Соседи там давно, а вас еще не видно:
Добра вам, детушки, от лени не видать;
Счастливая пора не надолго продлится,
Ведь осень подойдет, начнет дождь ливнем лить:
Прогонит со двора; с работой тут простишься!
Уж поздно будет вам потерю воротить».
Поднялась вдруг семья; сбираяся молчали.
Краюху взяв с собой, иконе помолясь,
Бежали на поля, — работу начинали,—
Лен с корнем теребить проворно устремясь.

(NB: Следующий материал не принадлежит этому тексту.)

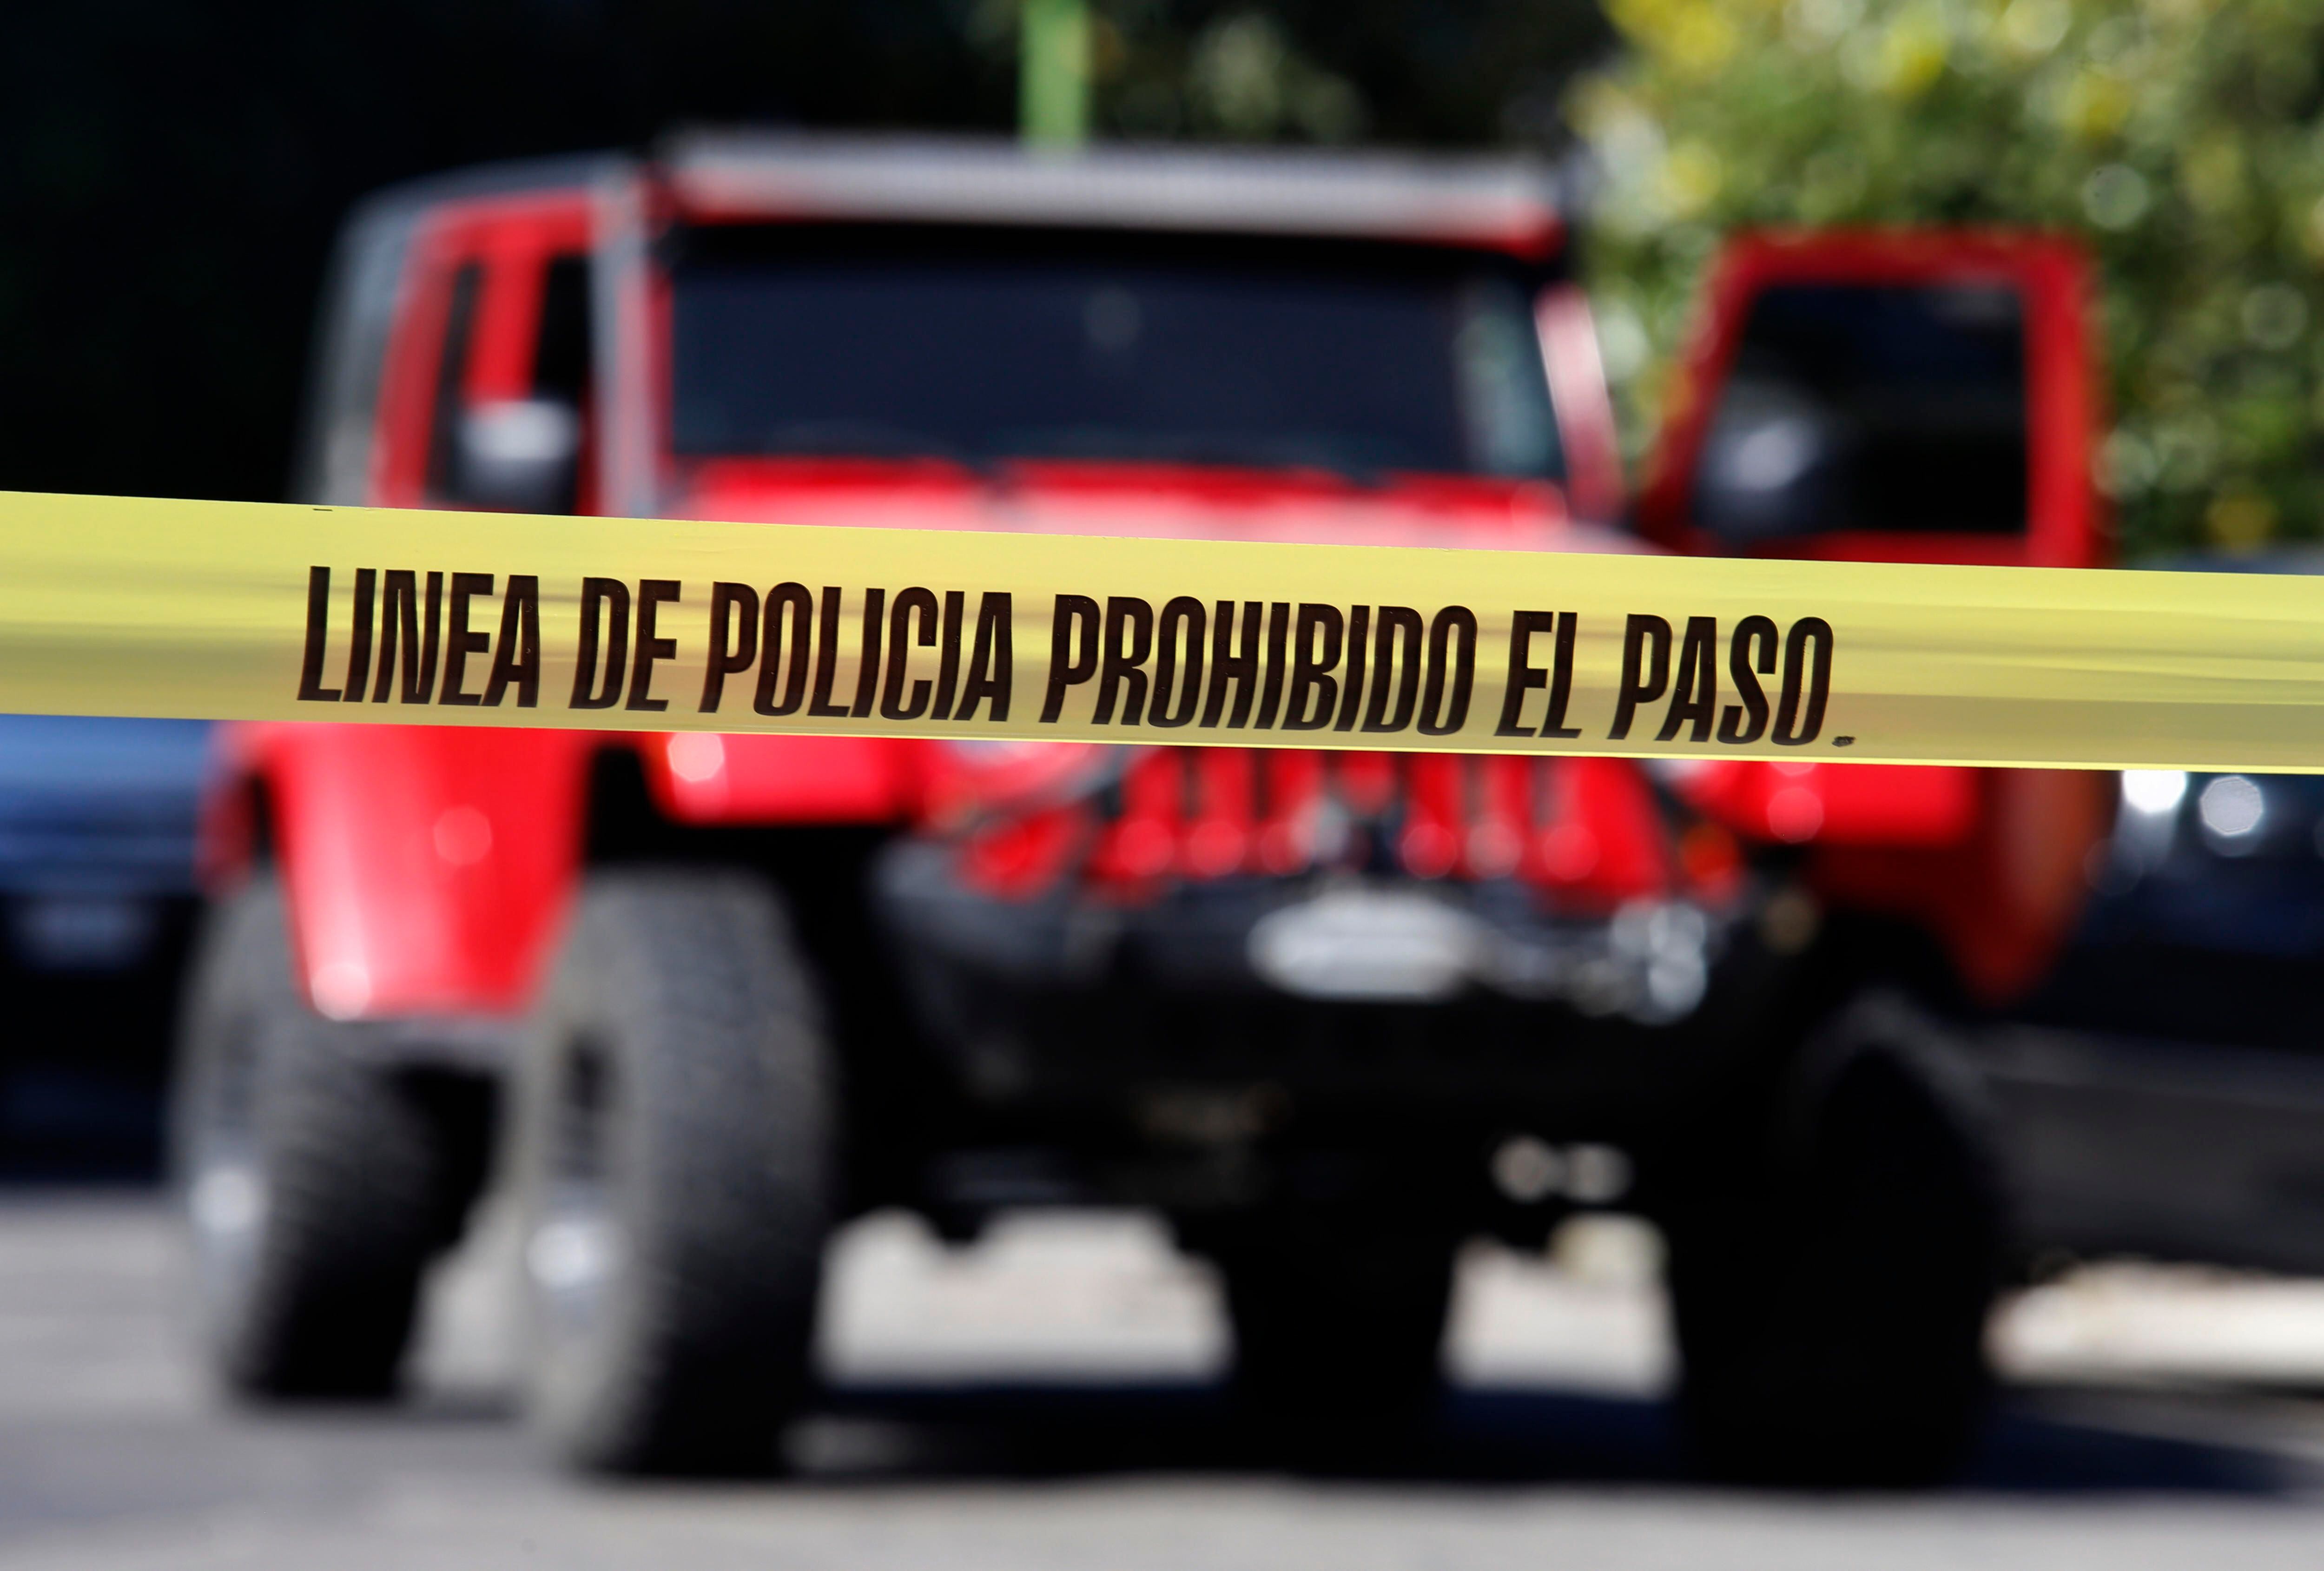 El crimen ocurre mientras México acumula más de 780 agresiones o delitos globales contra políticos, con un saldo de 89 políticos asesinados, 35 de ellos aspirantes, según la consultora Etellekt, referente en el tema. EFE/Archivo

Рядами вкруг себя все место покрывают,
Где должен он лежать еще довольно дней;
Завидели, готов — немедля подымают
И к дому на овин свезут его с полей.
Там семя обобьют, связавши лен руками,
Для стилки на луга обратно отвезут.
И солнышко печет, и дождик мочит тут,
И провевает ветр лен, устланный рядами.
Лен мякнет, белится, а после — на дворы —
Там чешут, треплют, мнут и с плеч долой
заботы,
Уборка льна у них тяжеле всей поры
И беспокойнее всей полевой работы.
Денис Васильевич Давыдов
1784–1839
При виде Москвы, возвращаясь с персидской войны{103}
О юности моей гостеприимный кров!
О колыбель надежд и грез честолюбивых!
О, кто, кто из твоих сынов
Зрел без восторгов горделивых
Красу реки твоей, волшебных берегов,
Твоих палат, твоих садов,
Твоих холмов красноречивых!
1827
Бородинское поле
Элегия
Умолкшие холмы, дол некогда кровавый,
Отдайте мне ваш день, день вековечной славы,
И шум оружия, и сечи, и борьбу!
Мой меч из рук моих упал. Мою судьбу
Попрали сильные. Счастливцы горделивы
Невольным пахарем влекут меня на нивы…
О, ринь меня на бой, ты, опытный в боях,
Ты, голосом своим рождающий в полках
Погибели врагов предчувственные клики,
Вождь Гомерический, Багратион великий!
Простри мне длань свою, Раевский, мой Герой!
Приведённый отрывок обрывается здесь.